Saturday
Dec172011

yesterday, like today

We know that no one ever seizes power with the intention of relinquishing it. Power is not a means, it is an end. One does not establish a dictatorship in order to safeguard a revolution; one makes the revolution in order to establish the dictatorship.

George Orwell, 1984.

We must smother the internal and external enemies of the Republic or perish with it; now in this situation, the first maxim of your policy ought to be to lead the people by reason and the people's enemies by terror.

Maximilien Robespierre, Speech to the National Convention, February 5, 1794.

The country’s newly appointed prime minister, Kamal al Ganzouri, addressed the nation for the first time on Monday, calling the recent events an “attack on the revolution,” and denying that the military shot anyone. He asserted that the people gathered in Cairo’s iconic Tahrir Square, the center of Egypt’s winter uprising, were not “pure” revolutionaries.

“We have never used anything that could be labeled as violence,” he said.

"Egypt clashes continue for second day; 8 killed, 300 wounded," Washington Post, December 17, 2011.

The title of this post is the title of a book written by Charlie Weber who died while in the custody of the Stasi, the East German secret police. The German title is Gestern Wie Heute, and the book, according to his wife, Miriam, is "about the way that one dictatorship here is the same as another." (Anna Funder, Stasiland: Stories from Behind the Berlin Wall, p. 34.)

Saturday
Dec172011

phew

I'm leaving Goa and India in two days to head for Thailand for the holidays with my girl. Try and imagine the momentary shock seeing this headline on Google News, clicking the link, reading the article, and only then, seeing the big blue banner.

"Indo-Goa border sealed"

Thursday
Dec082011

so an elephant, a camel, and a cow walk into an intersection.

...And that's rush hour in India.

Wednesday
Dec072011

in-flight electronics

The news says that Alec Baldwin was kicked off an airplane for playing a game on his phone.

You hear lots of stuff about the importance of turning off your electronics while flying and lots of stuff about how it's airlines on a power trip. No one seems to know whether its really necessary. I read a report of a study recently, don't remember where, that said the use of in-flight electronics would continue to be banned because the study concluded there wasn't enough proof that these devices didn't mess up a plane in flight.

When I flew on Royal Air Maroc from Marrakech to Munich back in November they didn't say a thing about using electronics on the plane. I listened to my iPod from the time I sat down till the time I went through customs. We cleared the Alps just fine.

And on one of the legs of my journey from Berlin to Goa, I read my Kindle straight through takeoff - even after having been spied by one of the flight attendants who said nothing. During landing they made me put it away.

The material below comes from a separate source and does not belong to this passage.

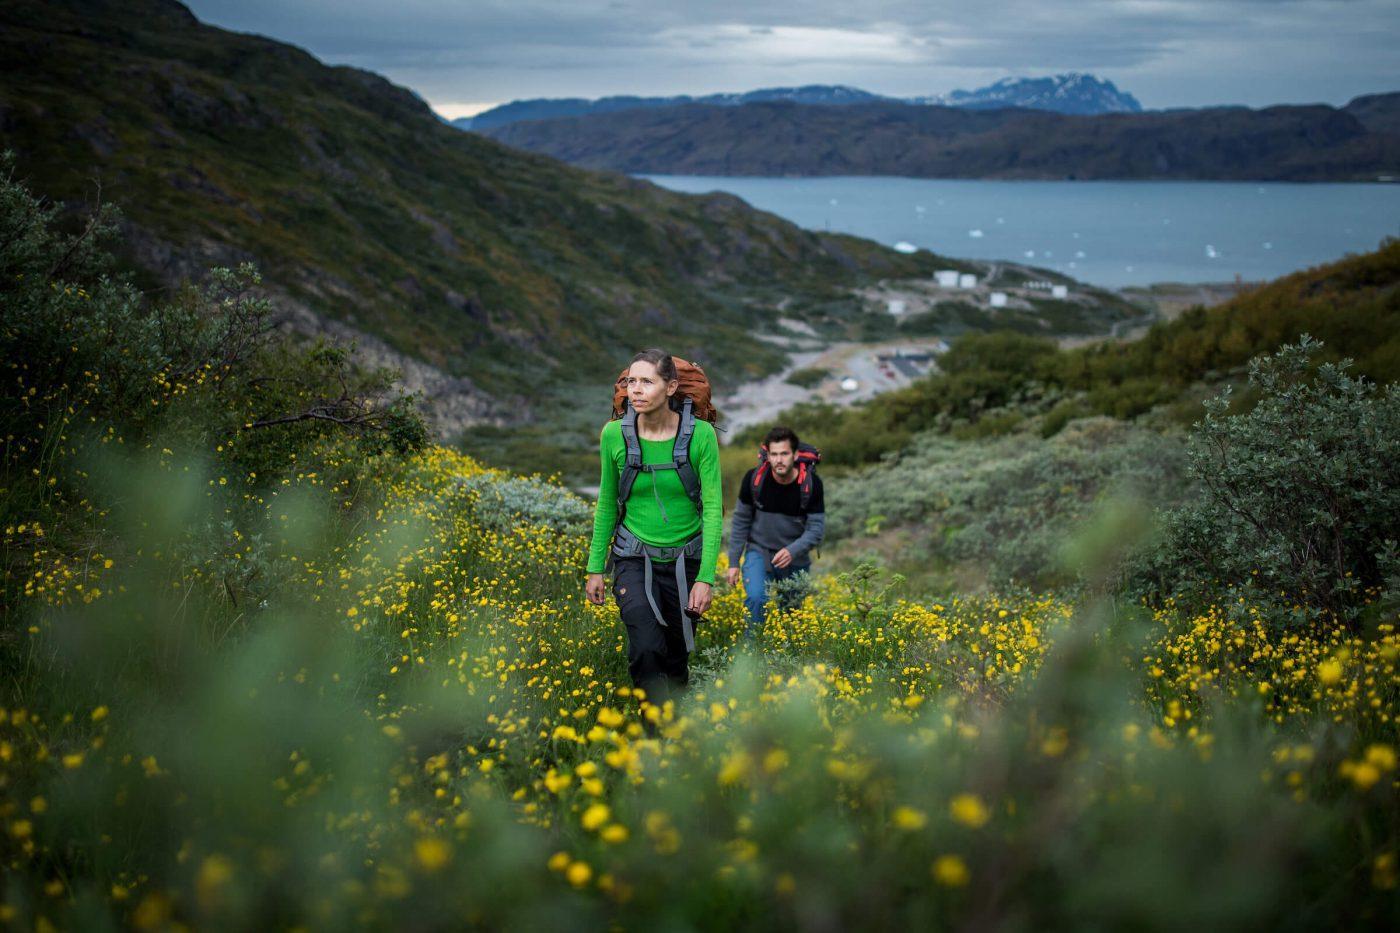 Hiking up through yellow flowers in Narsarsuaq. By Mads Pihl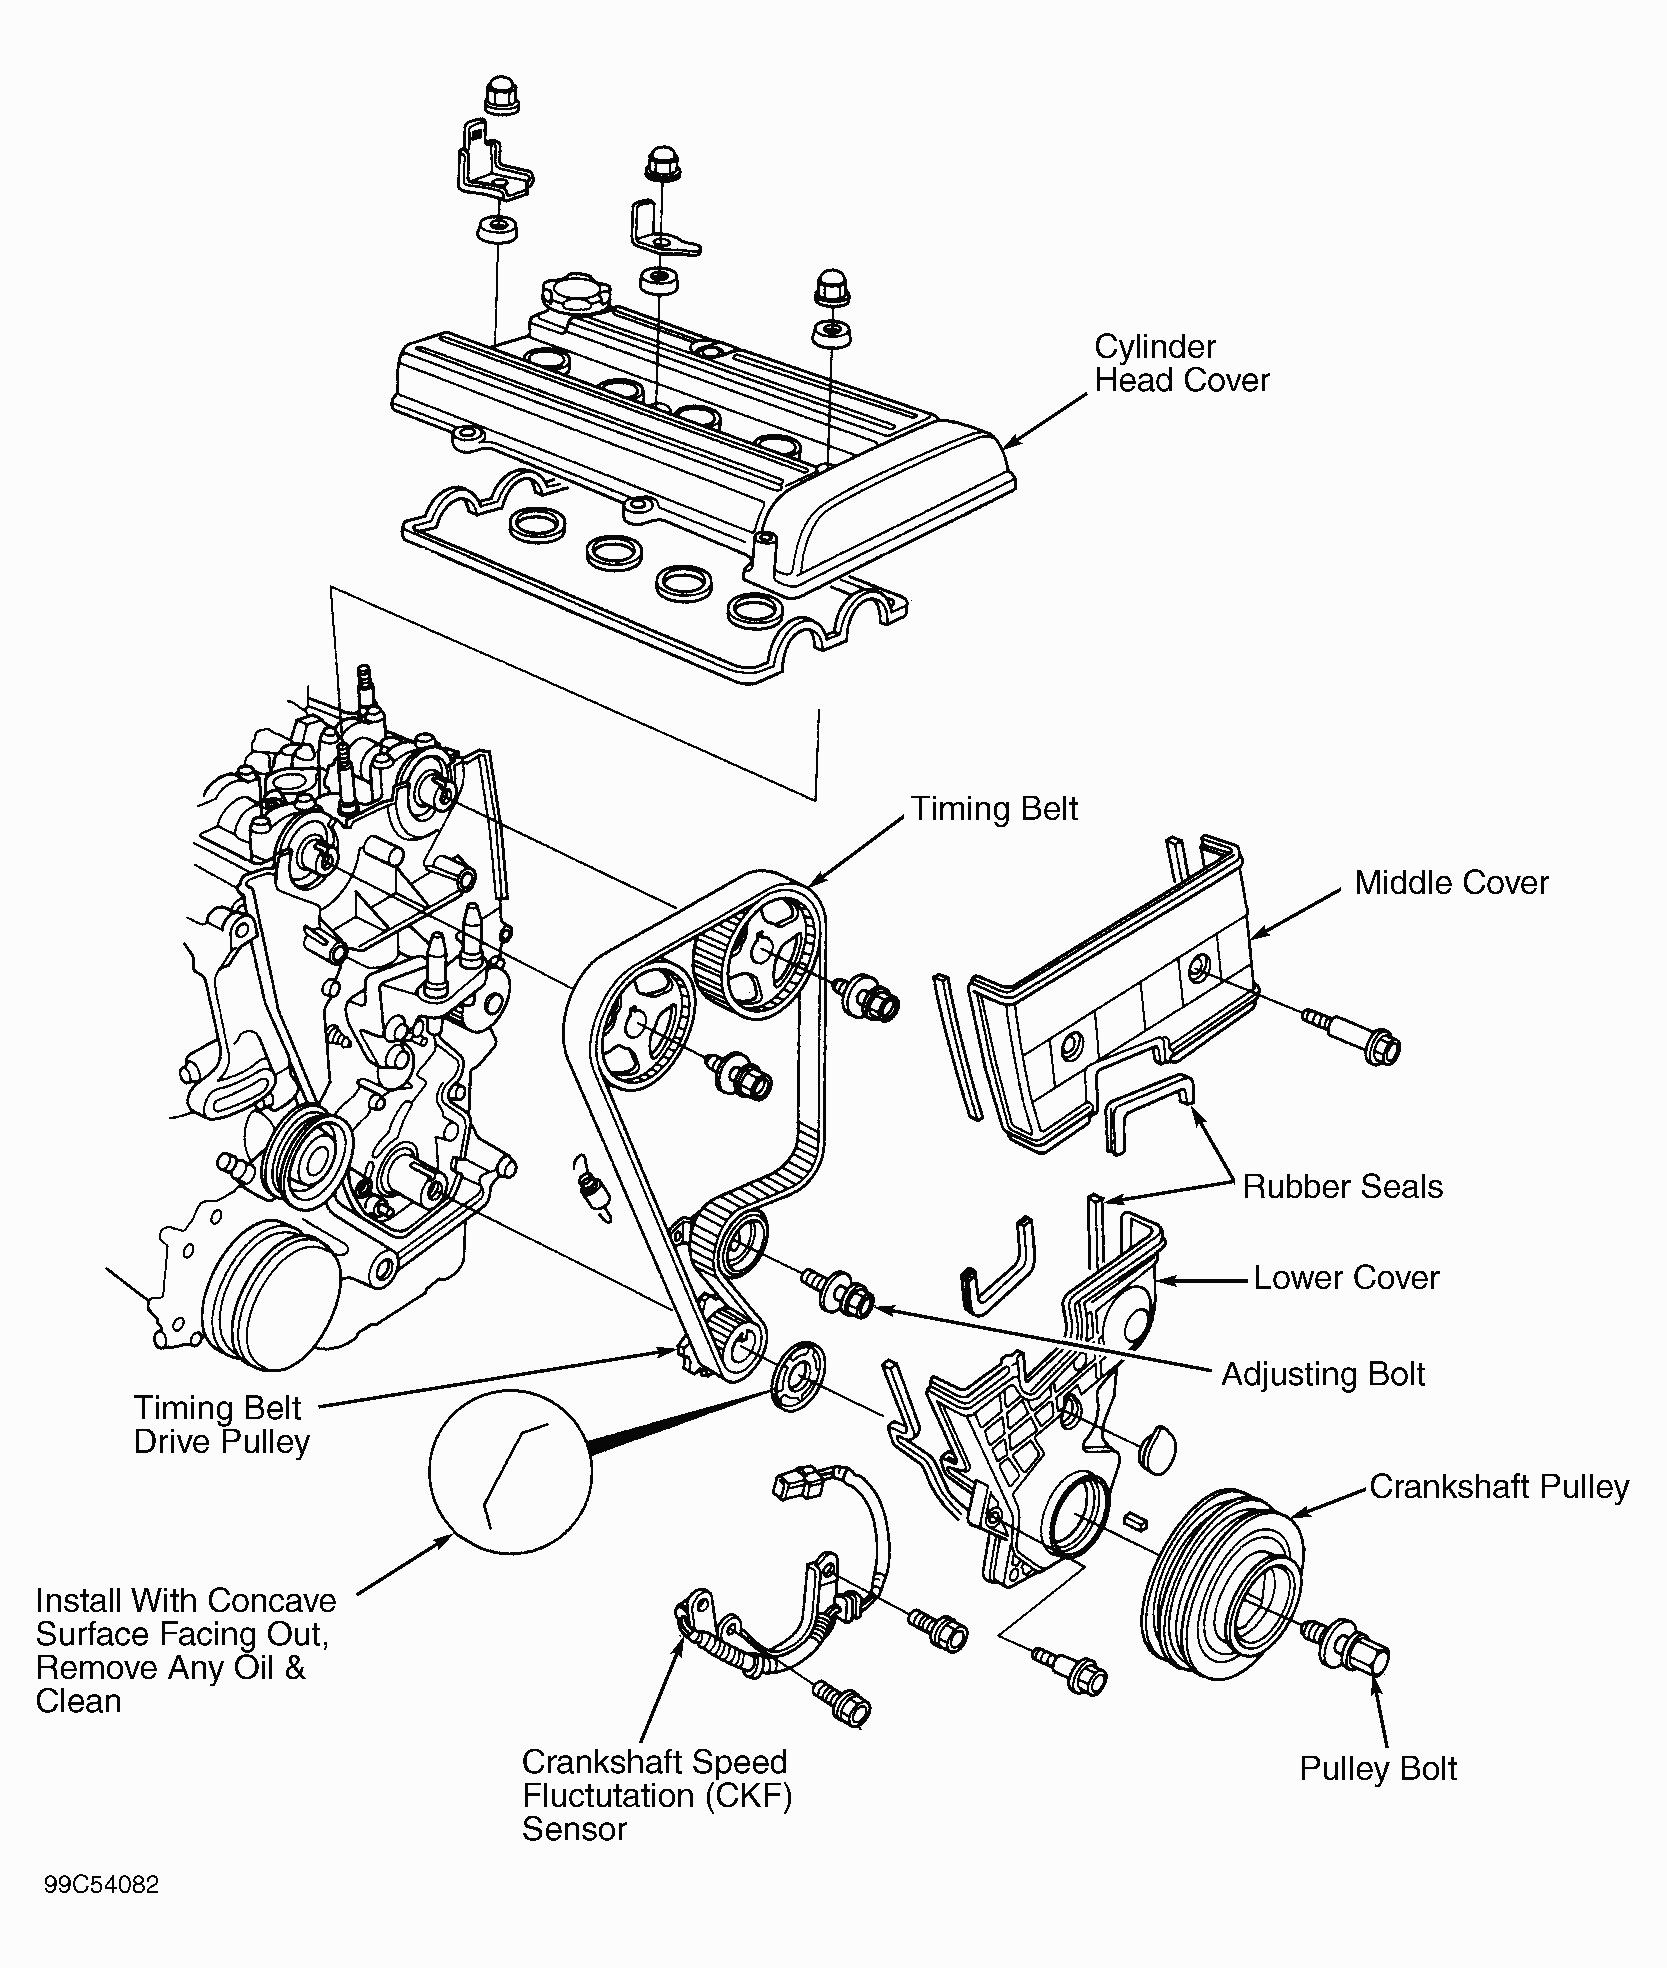 b18 engine wiring diagram

I suspect that the real reason is not because these things will mess with the aircraft but rather they want you undistracted in the event that something goes wrong and you need to be alert for evacuation instructions and its easier to enforce a blanket ban on electronic devices than it is to parse through who's wearing headphones, etc., etc.

Right? Wrong? I don't know. What I do know is that I prefer to keep reading during a landing than craning my neck out the window thinking about the landing.

Monday
Dec052011

killer coconut

A second coconut landed in front of me today. There was no danger this time because I was under a roof but I clearly saw it hit the ground. No joke. These things fall with such force and with no warning. If they didn't kill you they'd probably at least split your skull.